Don’t get me wrong – I was thankful for her advocacy on my behalf and retrospectively it was one of the greatest things I have achieved so far – but after getting off of the phone with the course co-ordinator to confirm my ‘promotion’ to casual academic, I got into bed and hyperventilated for a good hour.
This would involve public speaking, which makes me anxious because I am self-conscious about my articulation and occasional stutter. It would involve the pressure to carry a group of kids through their first formal experience of sociology.
It was make or break. It was life or death. Well, it sure felt like it.
For my first class, I was shaking, stumbling and burning red. I went through the course outline clumsily, and discussed the requirements of each assignment. I did the done-to-death housekeeping talk: respect each other’s boundaries and opinions, do not disclose information about anybody else outside of this tutorial.
Then I paused. Fuck it.
I told the class that this was my first time teaching and that I suffered from severe anxiety. I explained what I do as a PhD student, and why I love sociology. I reassured the class that I’m willing and able to help, and to bear with me while I find my footing.
Most of the class smiled, and I felt the warmth. “That’s okay,” one guy said to me. “You’re doing fine,” said another. I finally exhaled. Okay. Do your job.
There are a few things that I’ve managed to pick up while I’ve been studying with mental illness that have really helped. I figure that I may as well share them, because I would have killed to have skipped the figuring out time and get straight to the remedy.

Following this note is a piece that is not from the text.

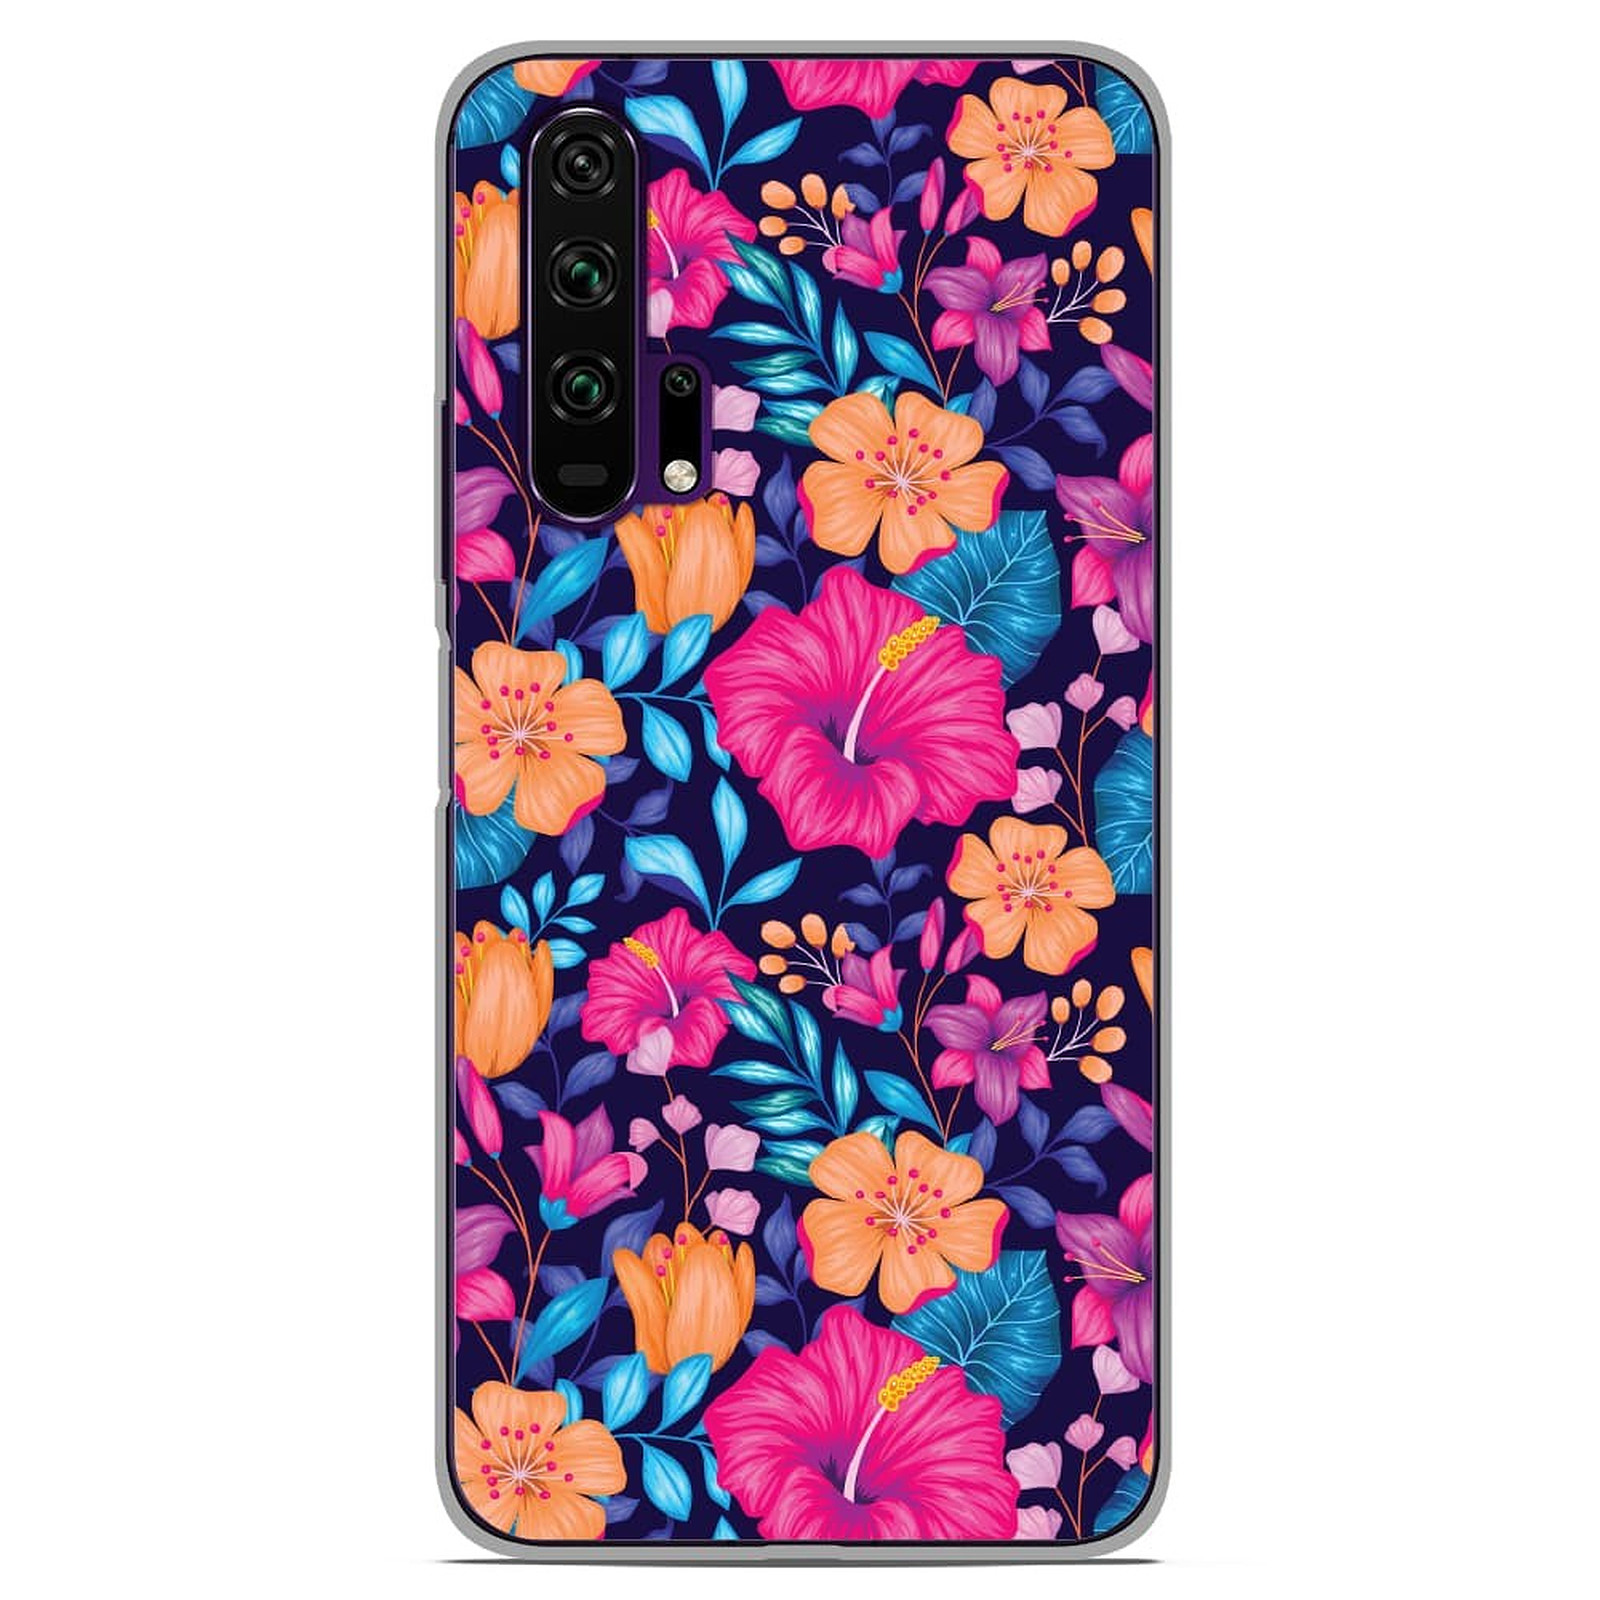 1001 Coques Coque silicone gel Huawei Honor 20 Pro motif Fleurs Exotiques - Coque telephone 1001Coques

Firstly, acknowledge and accept that your anxiety and your depression will never be cured and will never just go away. I know that sounds harsh, but if you are like me and are a chronic sufferer, it’s time to think about management rather than a fix.

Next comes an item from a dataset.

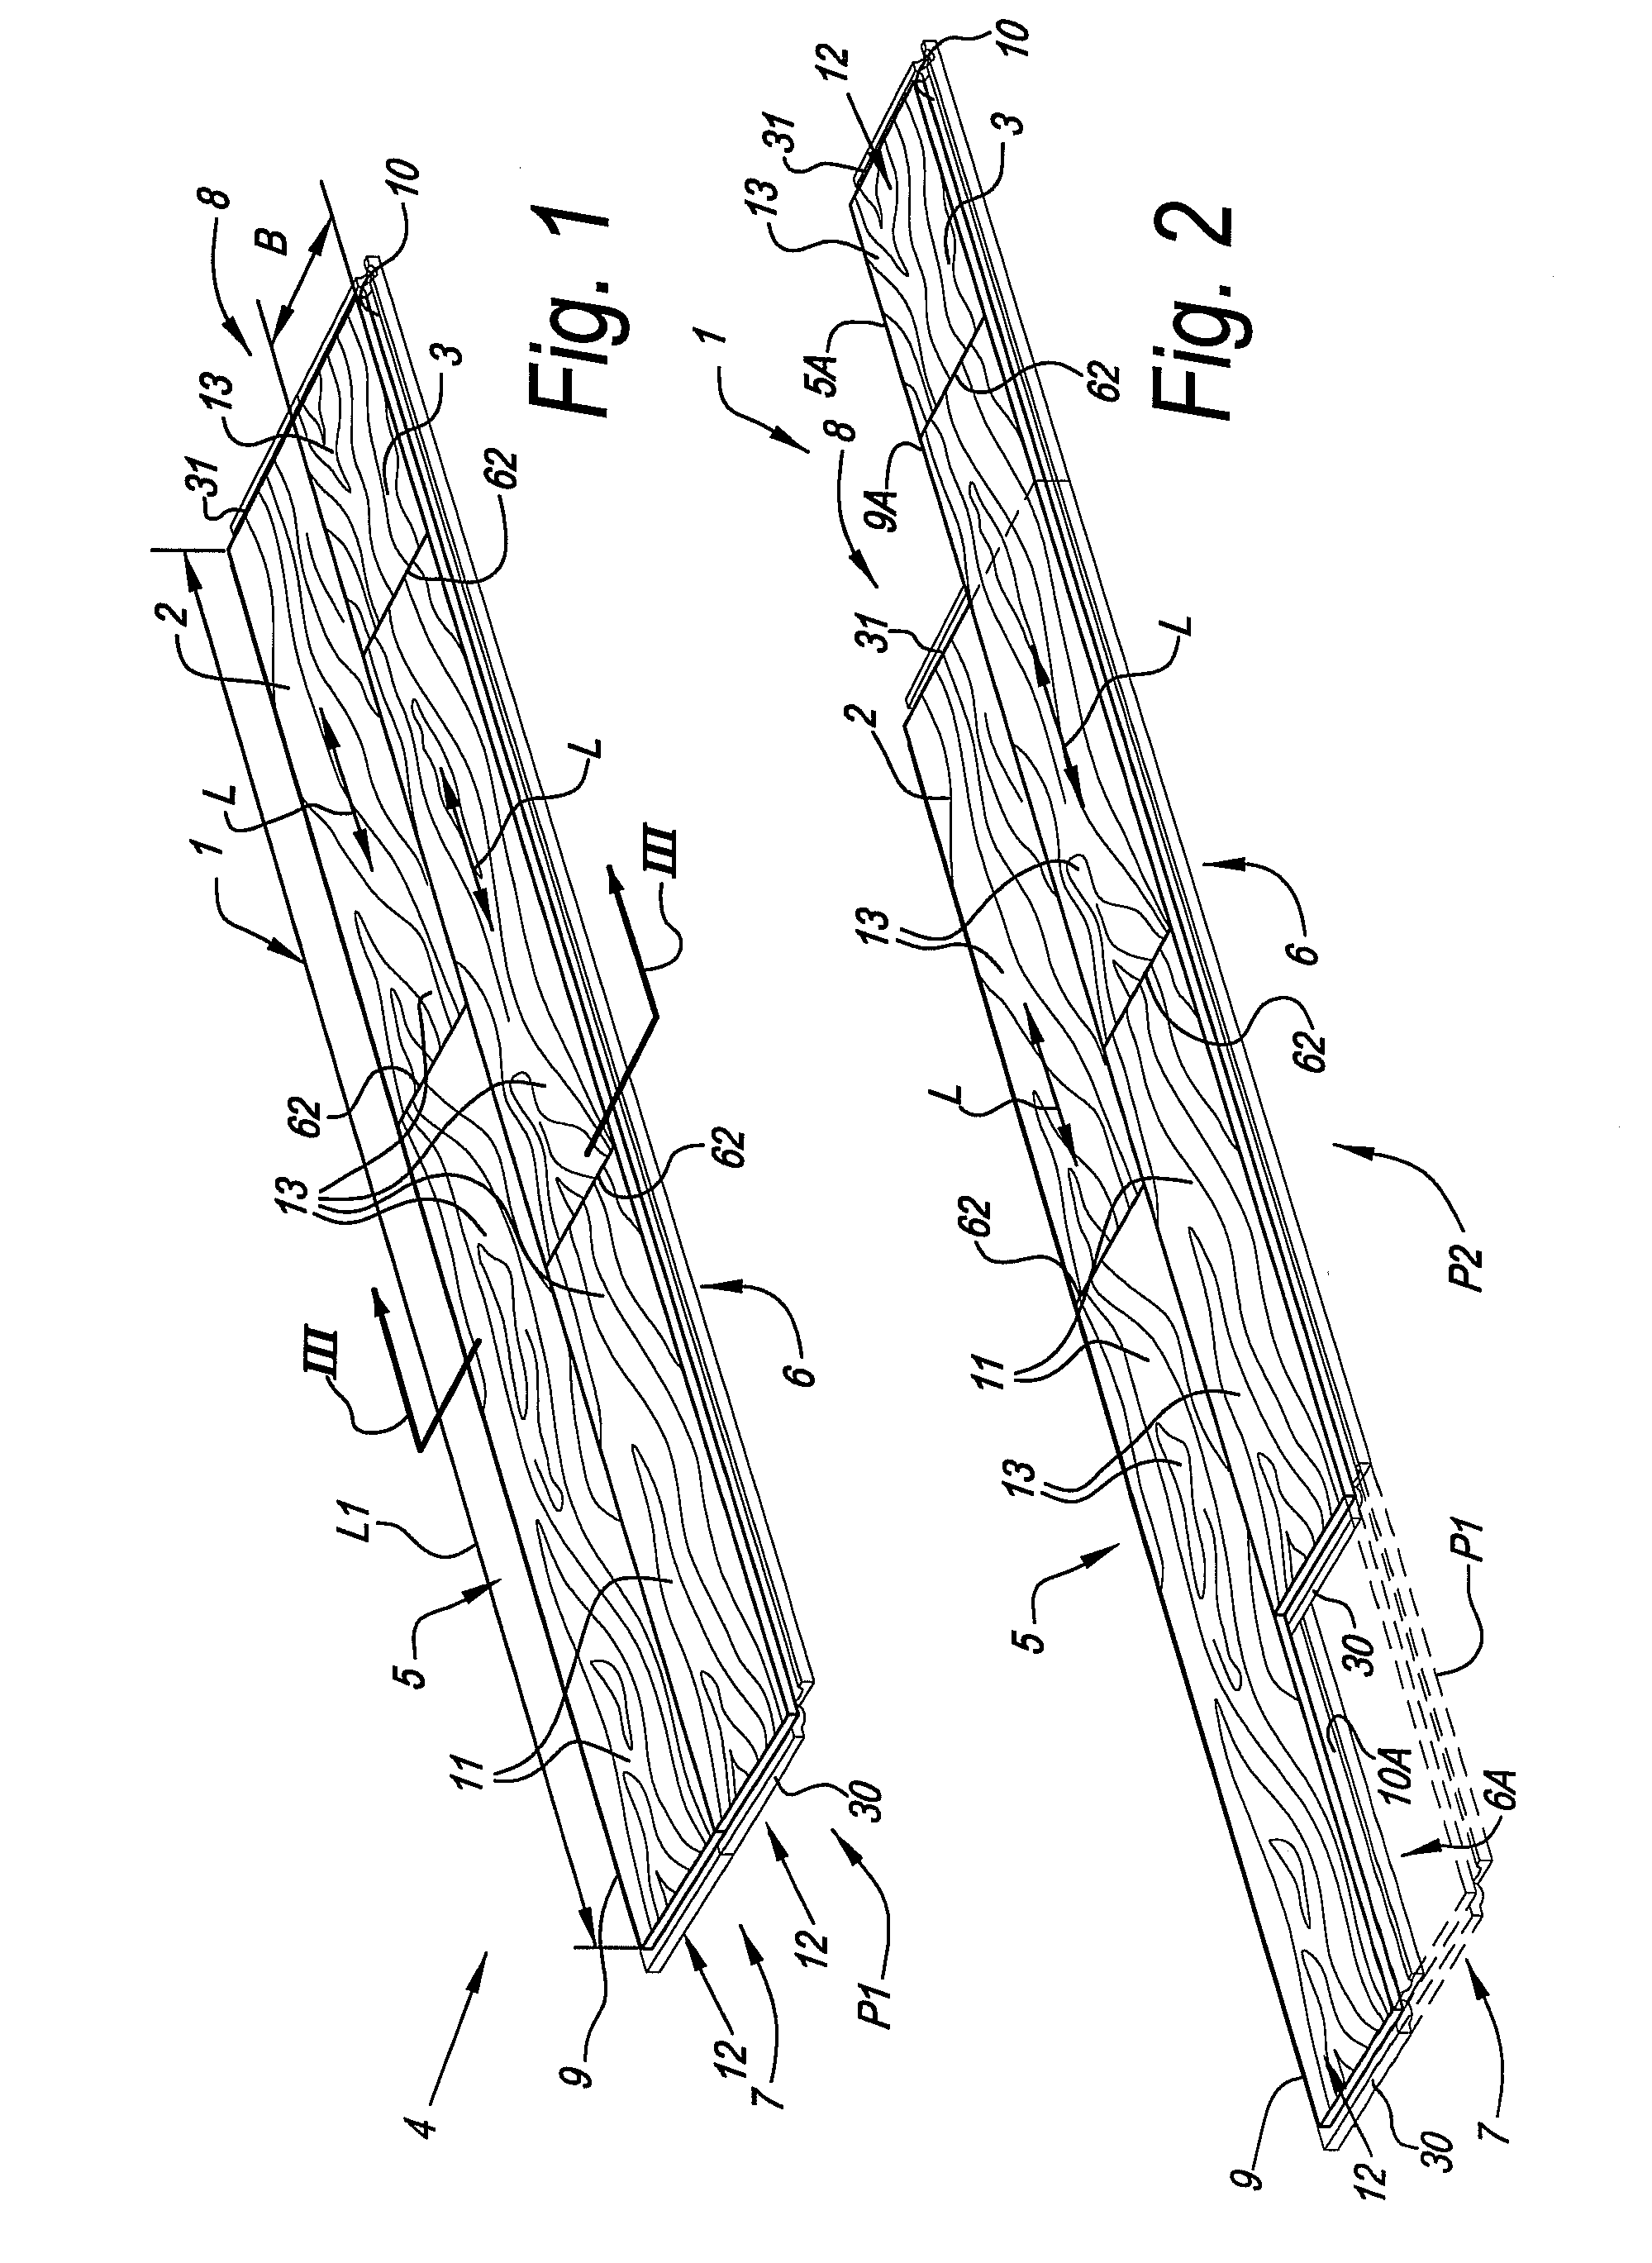 Floor element, locking system for floor elements, floor covering and method for composing such floor elements to a floor covering

The rich tapestry of your lived experience, personality, sense of humour, relationships, quirks and kinks have all been influenced by your anxiety and depression in some way. Some are unquestionably bad ways, but others make you who you are. And you’re great.

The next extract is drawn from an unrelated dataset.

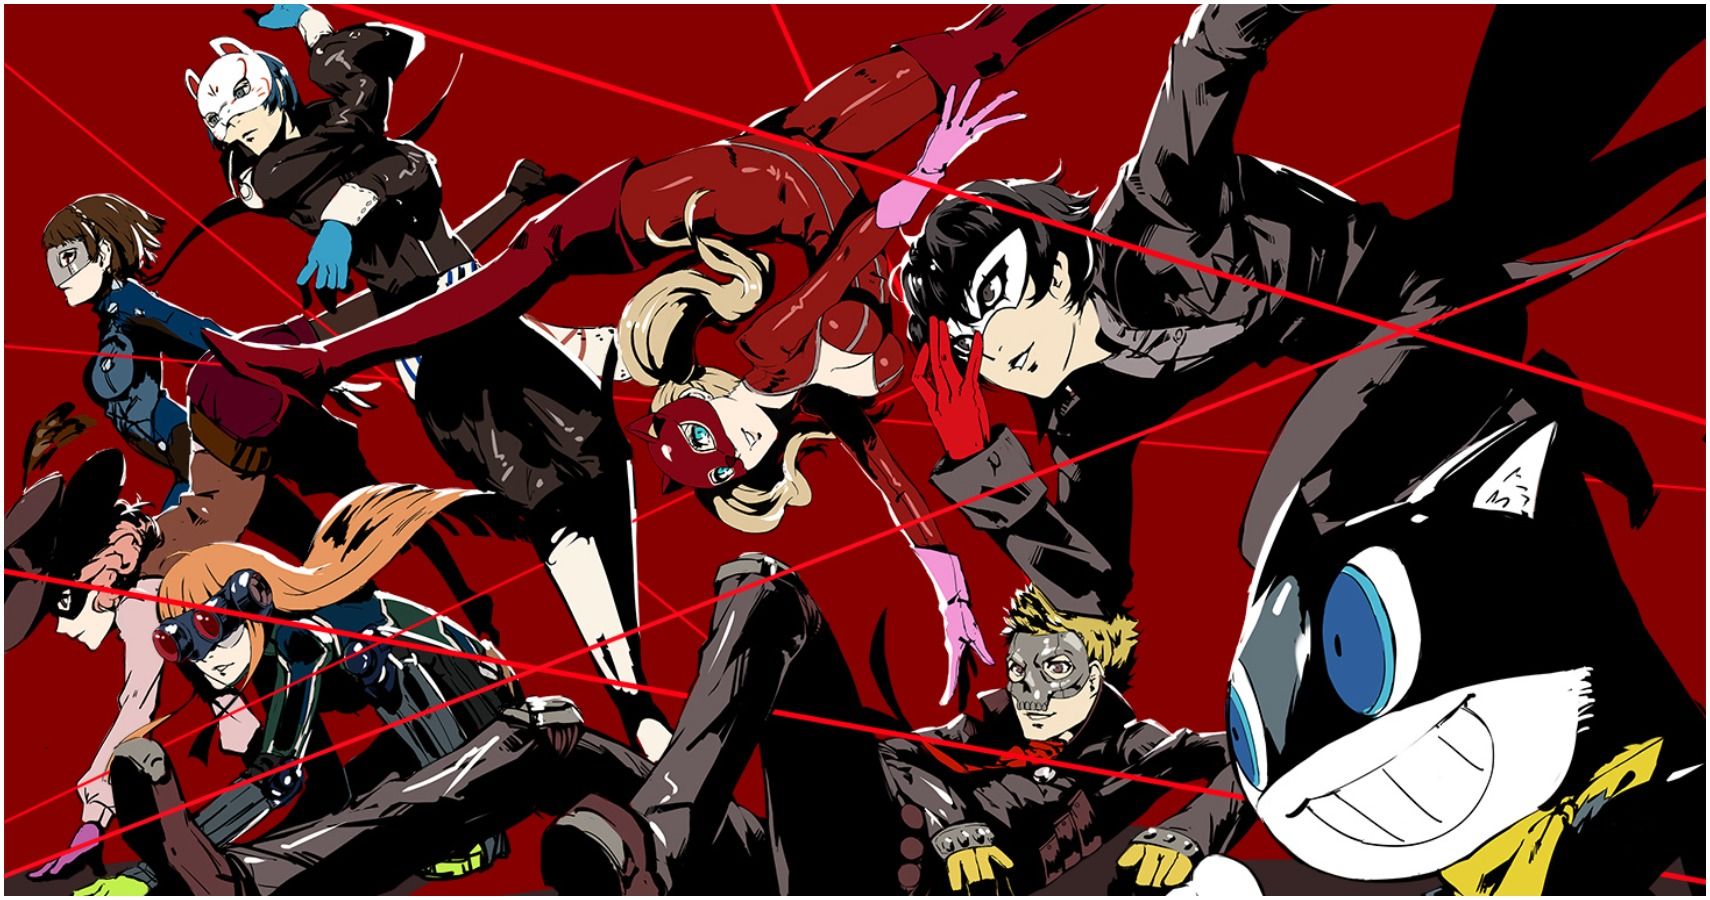 ps now persona 5

Secondly, the bad effects of your illness can be managed. It’s not weak, nor does it make you a shill to ‘big pharma’, to rely on therapy or medication. Antidepressants and beta blockers are not manufactured by the Illuminati, are not poison, and will not kill you. It’s not weak to seek help.Without regular sessions with a psychologist in combination with Cymbalta and Propranolol, I would not have been able to achieve what I have.
But it is worth noting the unpleasant withdrawal effects that come with forgetting to take it, or trying to ‘quit’ them cold turkey. These can fuck with you. Basically what I’m saying is go and see your doctor, and take patience, commitment and an open mind.
Your GP can prescribe medication and can set you up with a ‘mental health plan’ which entitles you to a certain number of free psychologist sessions. This is done through Medicare, although I believe health insurance should cover this for International students.
Thirdly, it’s important to have an escape and to make time for it. Schedule it into your calendar if you have to. Whether you like gaming, reading, drawing, exercising, shoppng, sleeping, tantric masturbation or meditating, make time to do something that makes you feel good.
Finally, talk your problems out. Don’t be afraid to ‘confess’ that you’re struggling. Seek help and rely on your friends, your supervisor, your family and peers. Don’t leave it to fester until you’re in crisis mode. But however bad it gets, there is always a path for it to get better. You just might need help finding your way.